New hires are expected to ship meaningful work early, often from day one, with clear goals but freedom on how to achieve them, she said.

“We keep the process rigorous regardless of source,” Caughey said. “Every candidate goes through the same structured interviews and must clear the same bar, and we monitor for network bias to keep hiring fair and diverse.”

A founder-first mentality

Lovable CEO Anton Osika said in an X post earlier this week that many of the startup’s employees in key roles were founders before joining, describing the startup as a place where “founder-types thrive internally.”

That’s by design.

Caughey said ex-founders often bring an ownership mindset, and they’re typically comfortable making decisions with imperfect information and adapting quickly as they go.

However, there are trade-offs, she said: some former founders may be used to setting strategy alone or prioritizing speed over collaboration.

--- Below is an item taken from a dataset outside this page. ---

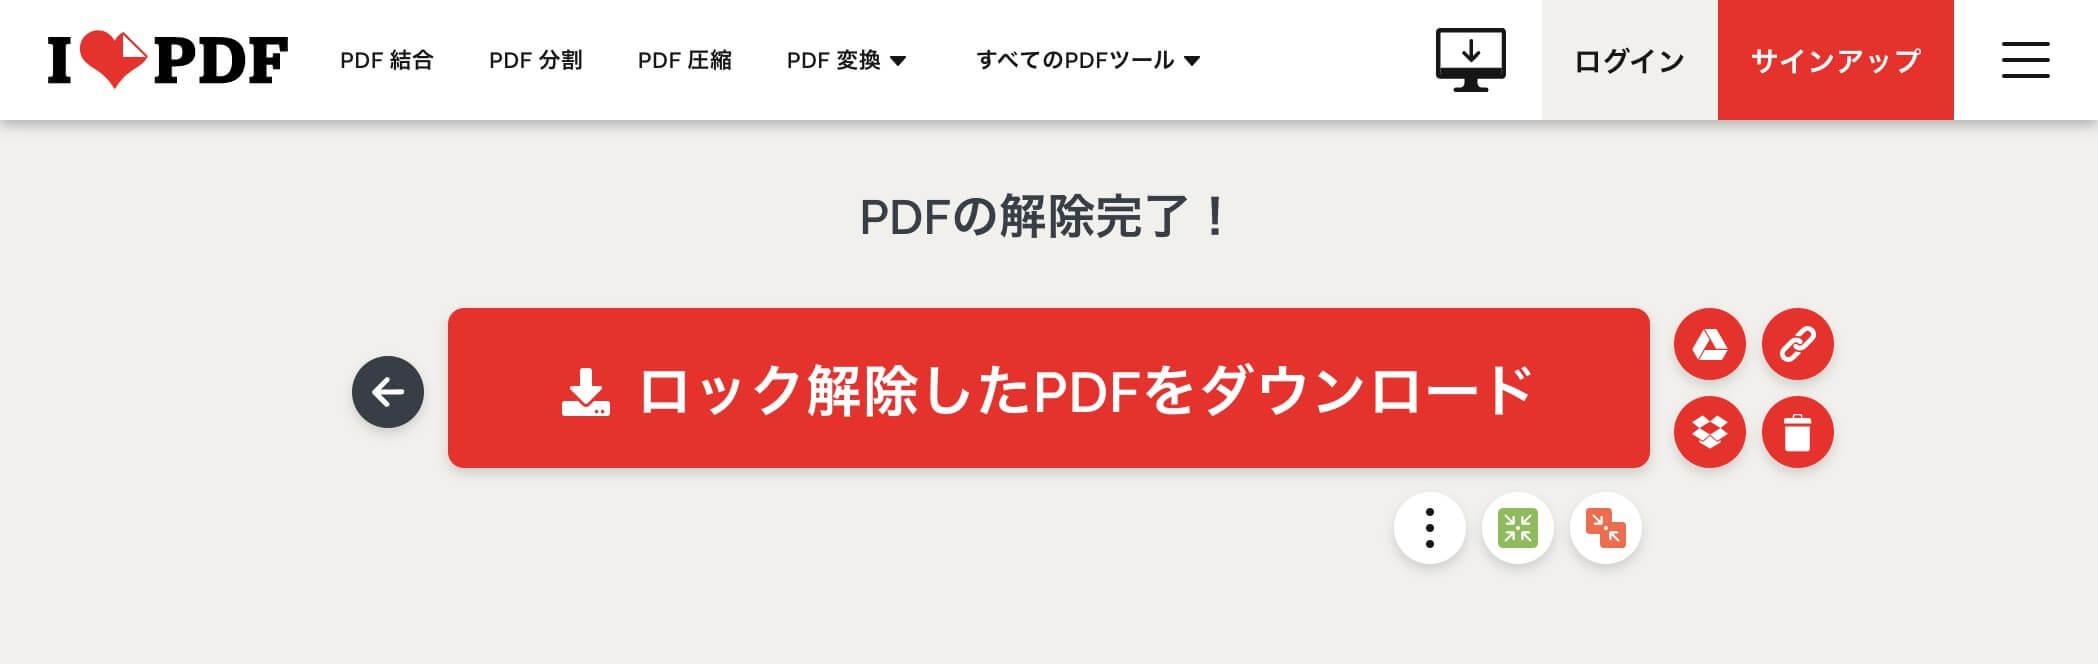 解除 pdf パスワード

Lovable tries to counter that by setting clear expectations and hiring for traits like humility and learning ability, not just experience.

It also leans on referrals — which account for about 30% of its hires — to find candidates who fit its pace and culture, Caughey said.

Most decisions are made in writing and shared in public channels, using a simple framework known as “IPS,” which stands for Issue and Proposed Solution, and lays out the problem, options, input from others, the decision-maker, and the timeline, Caughey said.

“The goal is to give founder-types room to move fast, while keeping decisions transparent, repeatable, and easy to follow across time zones,” she said.

How Lovable sets itself apart from US tech firms

In an interview with Bloomberg earlier this month, Osika said what he sees as a Swedish trait — long-term thinking and team building — is attracting some talent away from Silicon Valley.

Caughey said the startup’s differences from US tech firms show up most clearly in how quickly Lovable ships work and makes decisions, and how it treats ownership and credit.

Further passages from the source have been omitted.